[Records contained in a dataset]
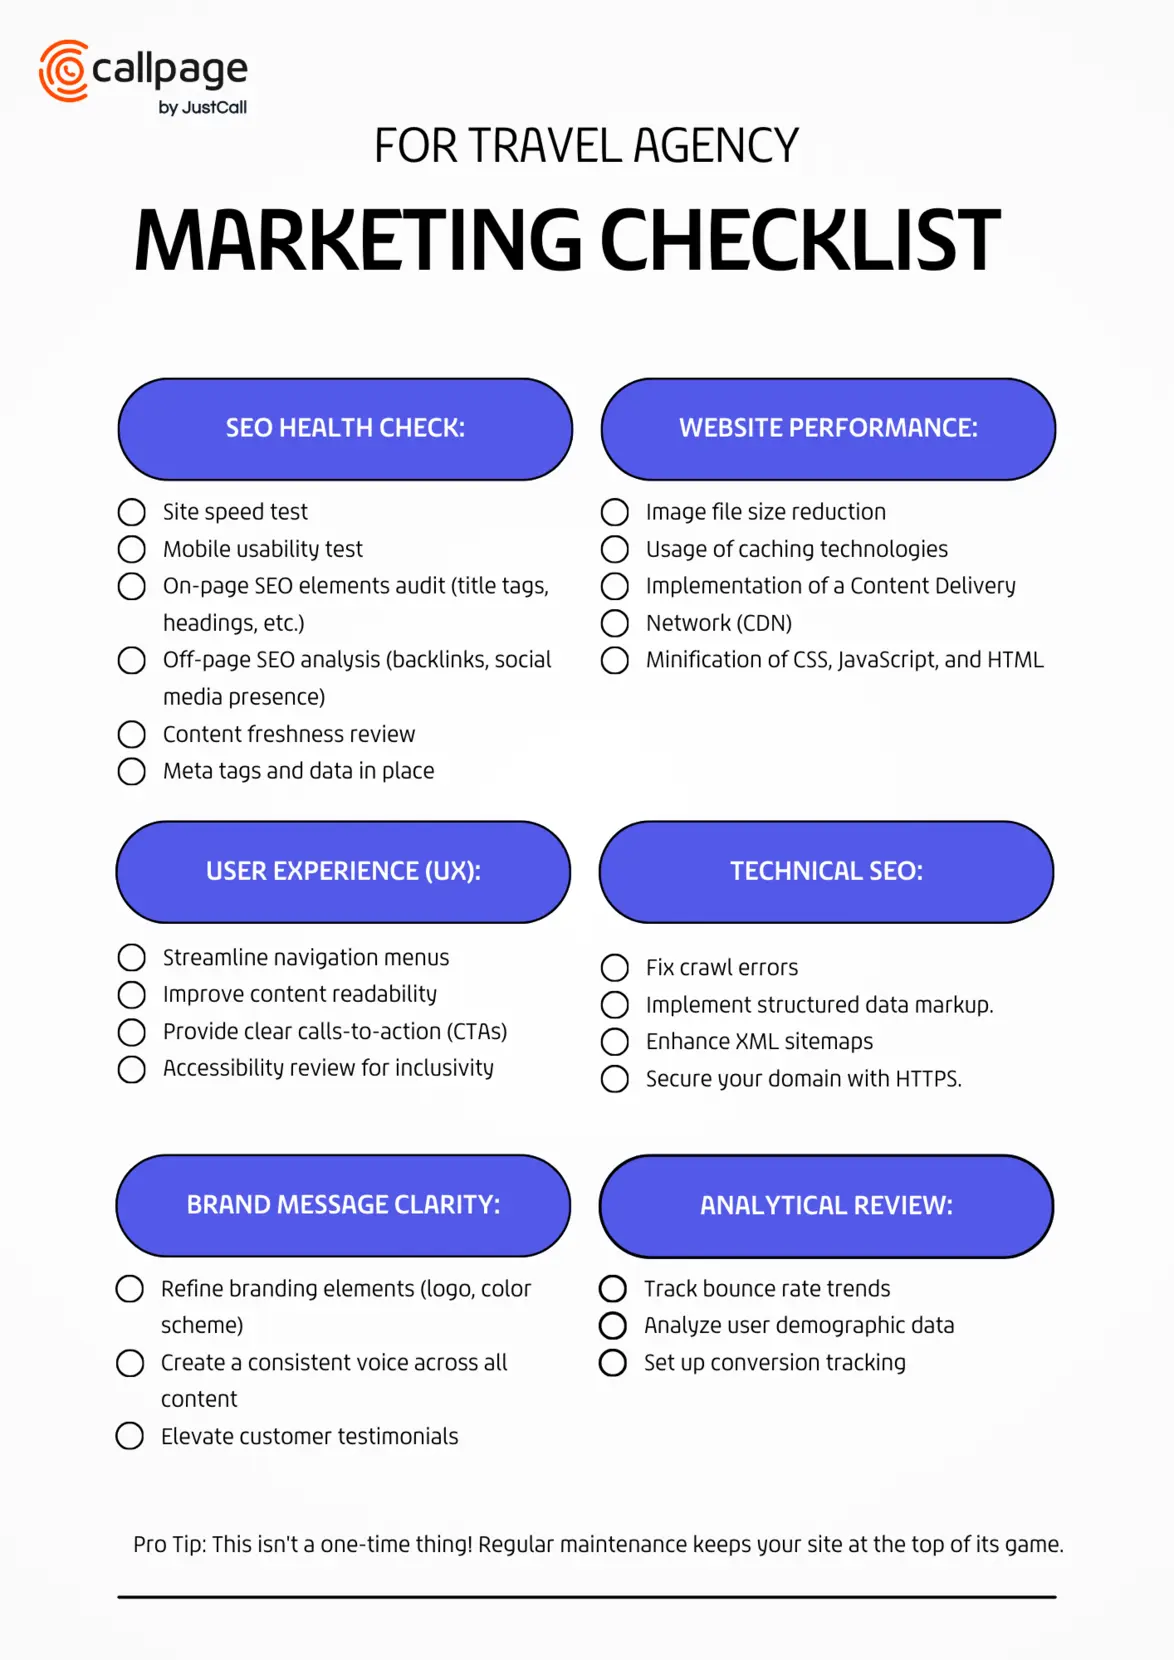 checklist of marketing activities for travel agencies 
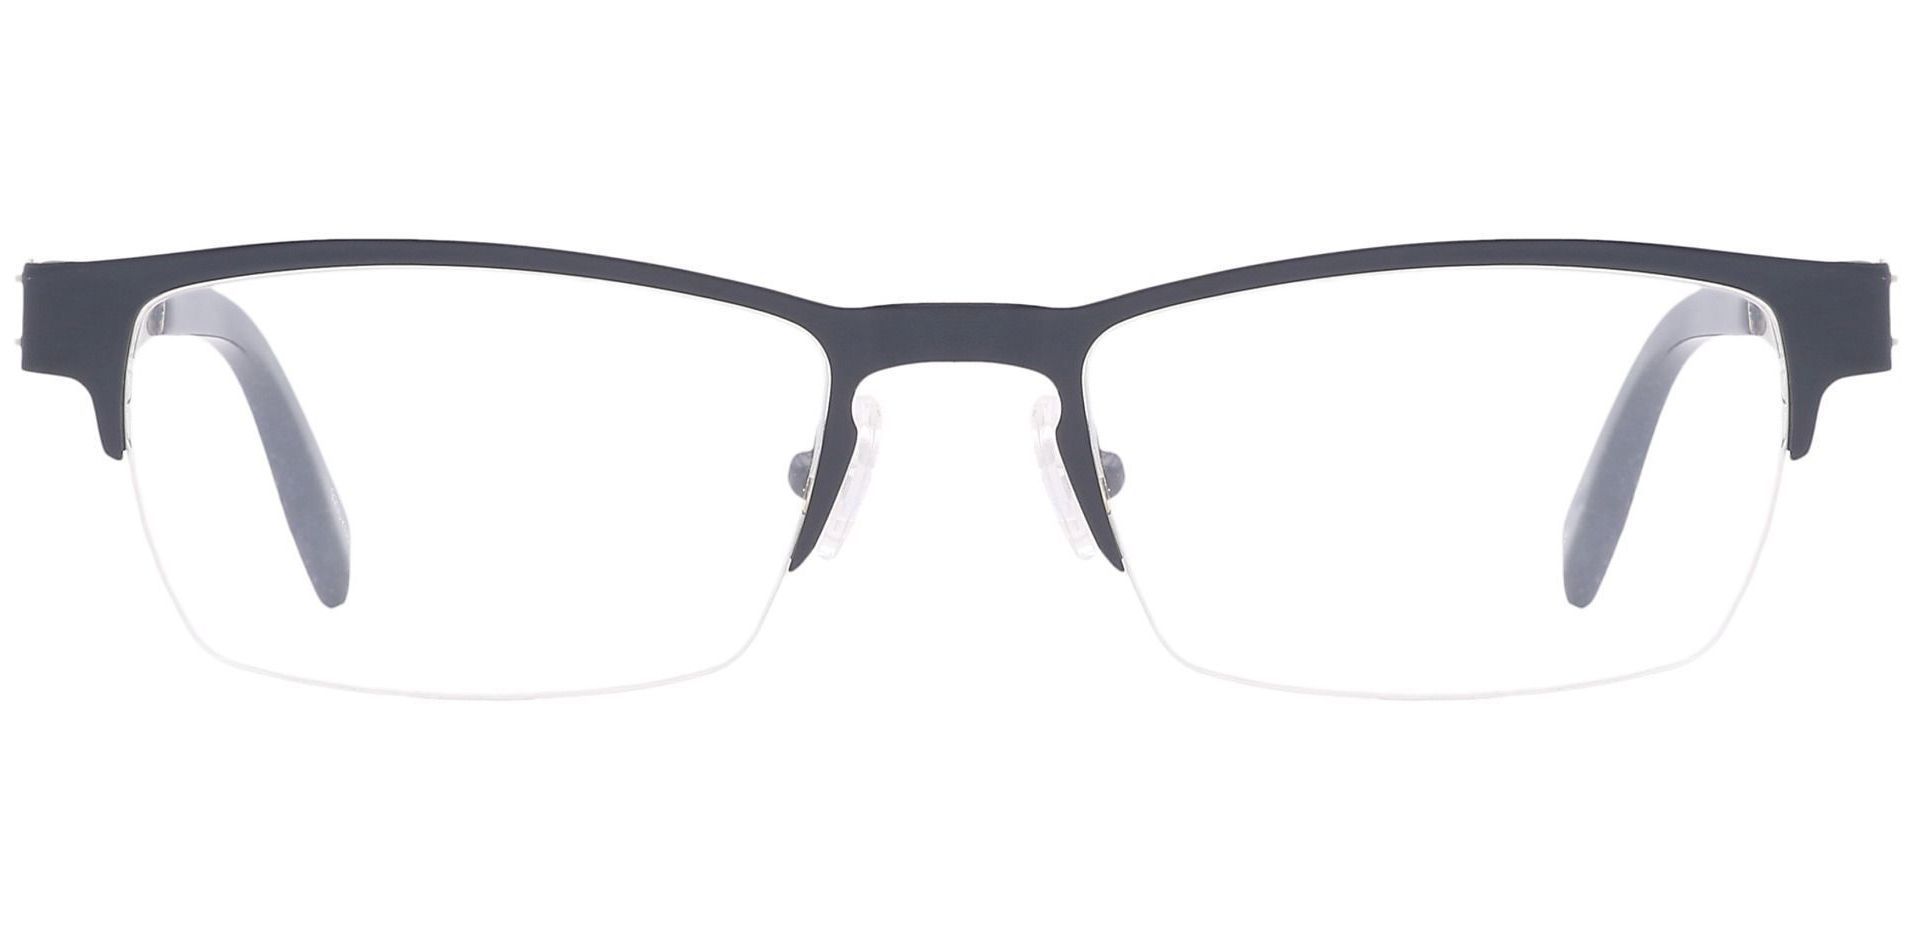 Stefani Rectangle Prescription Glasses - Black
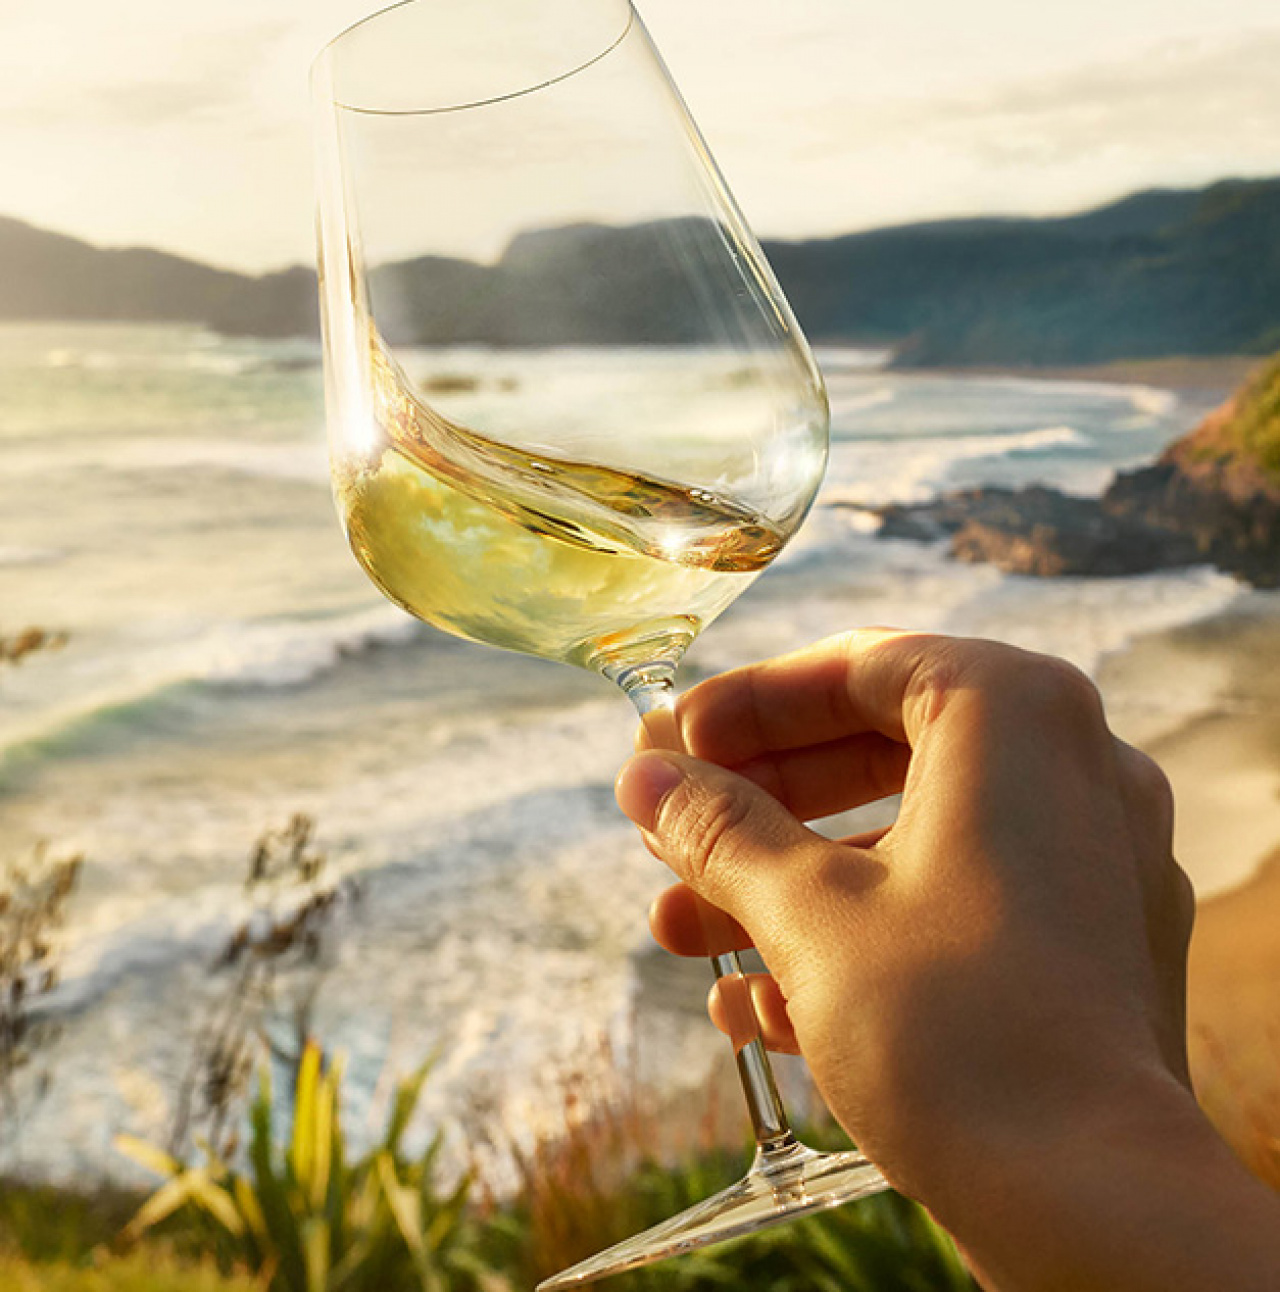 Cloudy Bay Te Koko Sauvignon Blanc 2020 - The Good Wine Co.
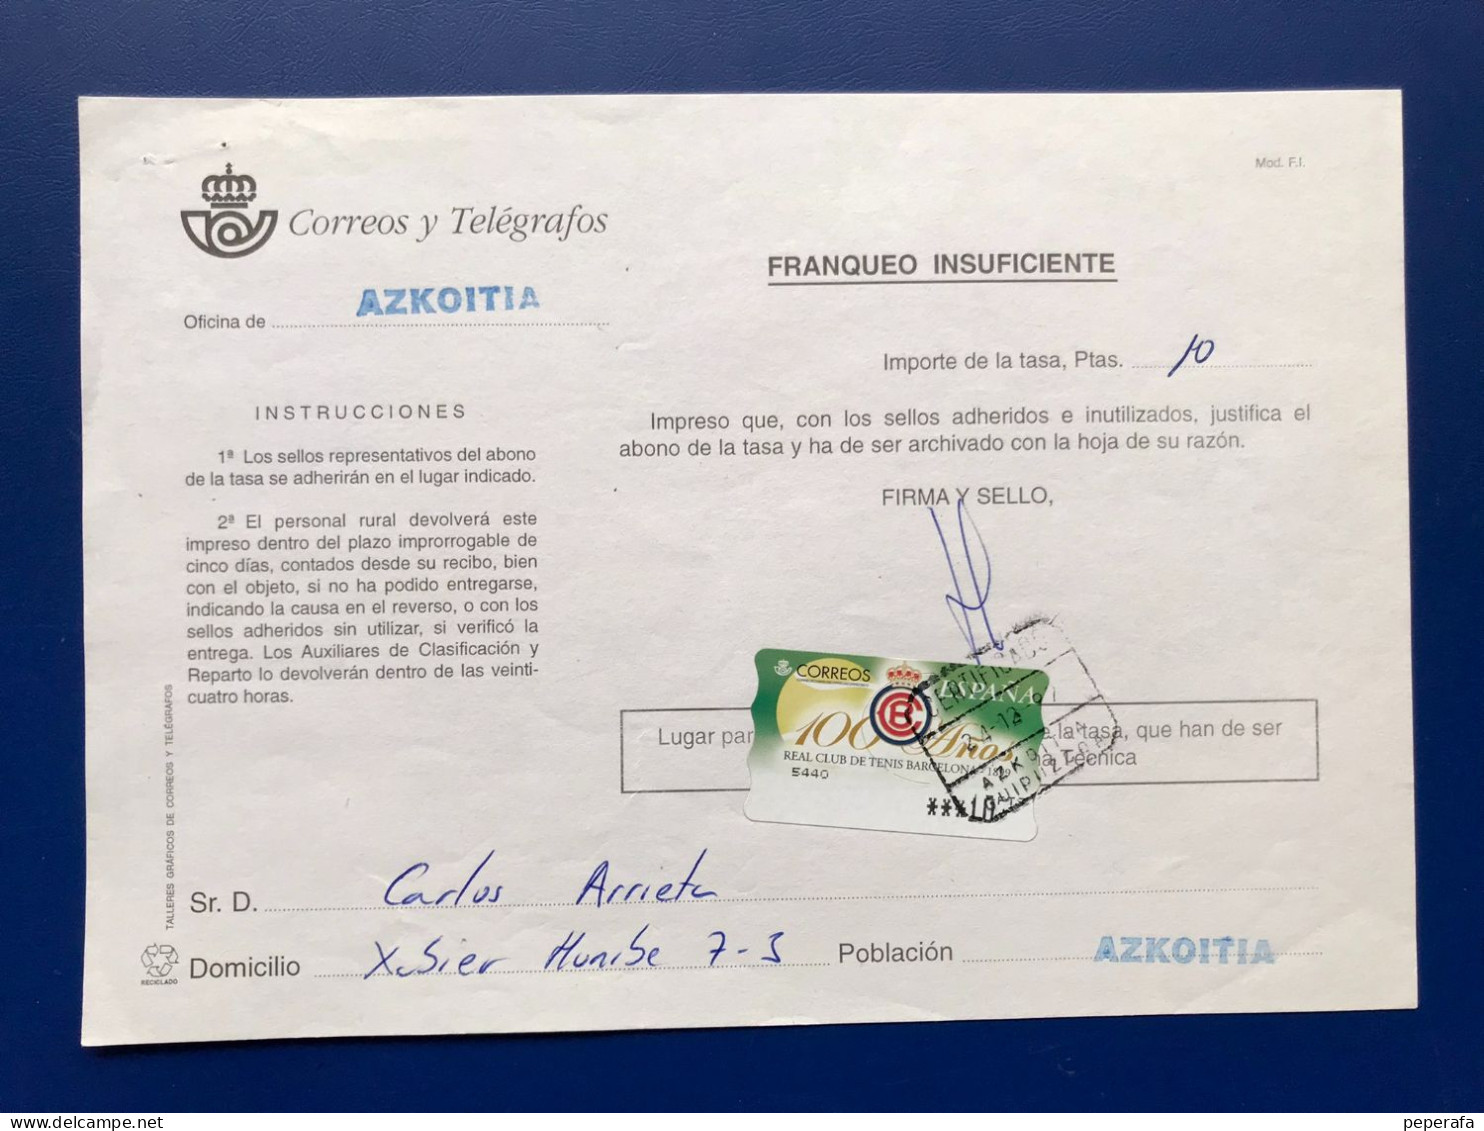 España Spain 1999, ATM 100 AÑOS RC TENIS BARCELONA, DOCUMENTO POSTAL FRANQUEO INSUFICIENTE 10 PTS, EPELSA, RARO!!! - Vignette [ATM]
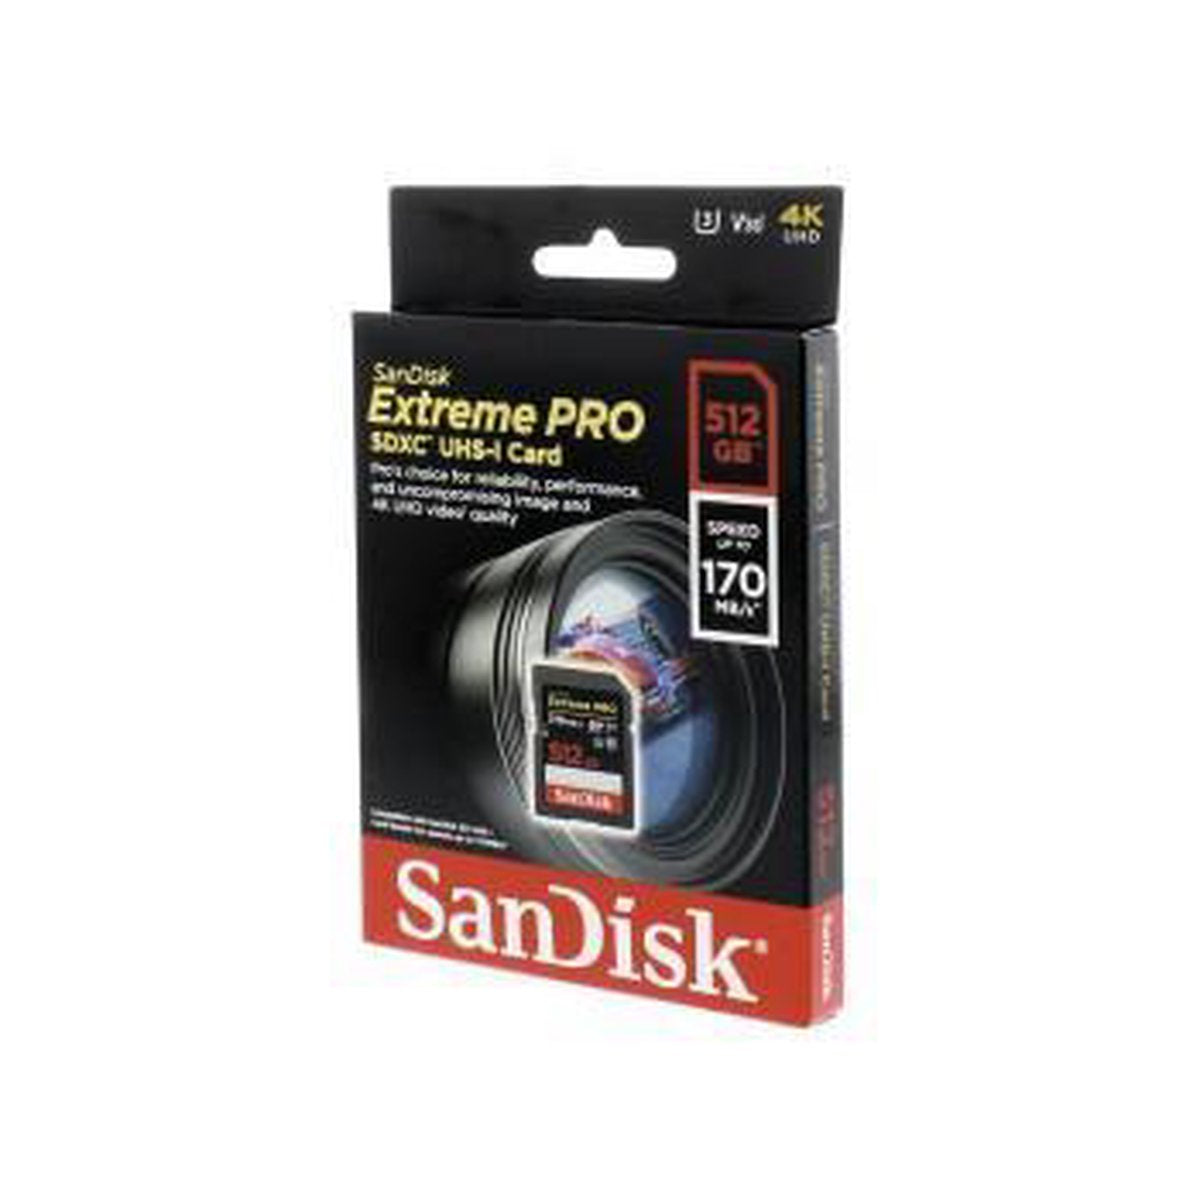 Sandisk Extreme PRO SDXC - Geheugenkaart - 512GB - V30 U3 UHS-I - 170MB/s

Instructions for the task: Exactly as written, please copy out the whole set of records, skipping images.

Answer below:
 checklist of marketing activities for travel agencies 
 Stefani Rectangle Prescription Glasses - Black
 Cloudy Bay Te Koko Sauvignon Blanc 2020 - The Good Wine Co.
 España Spain 1999, ATM 100 AÑOS RC TENIS BARCELONA, DOCUMENTO POSTAL FRANQUEO INSUFICIENTE 10 PTS, EPELSA, RARO!!! - Vignette [ATM]
 Sandisk Extreme PRO SDXC - Geheugenkaart - 512GB - V30 U3 UHS-I - 170MB/s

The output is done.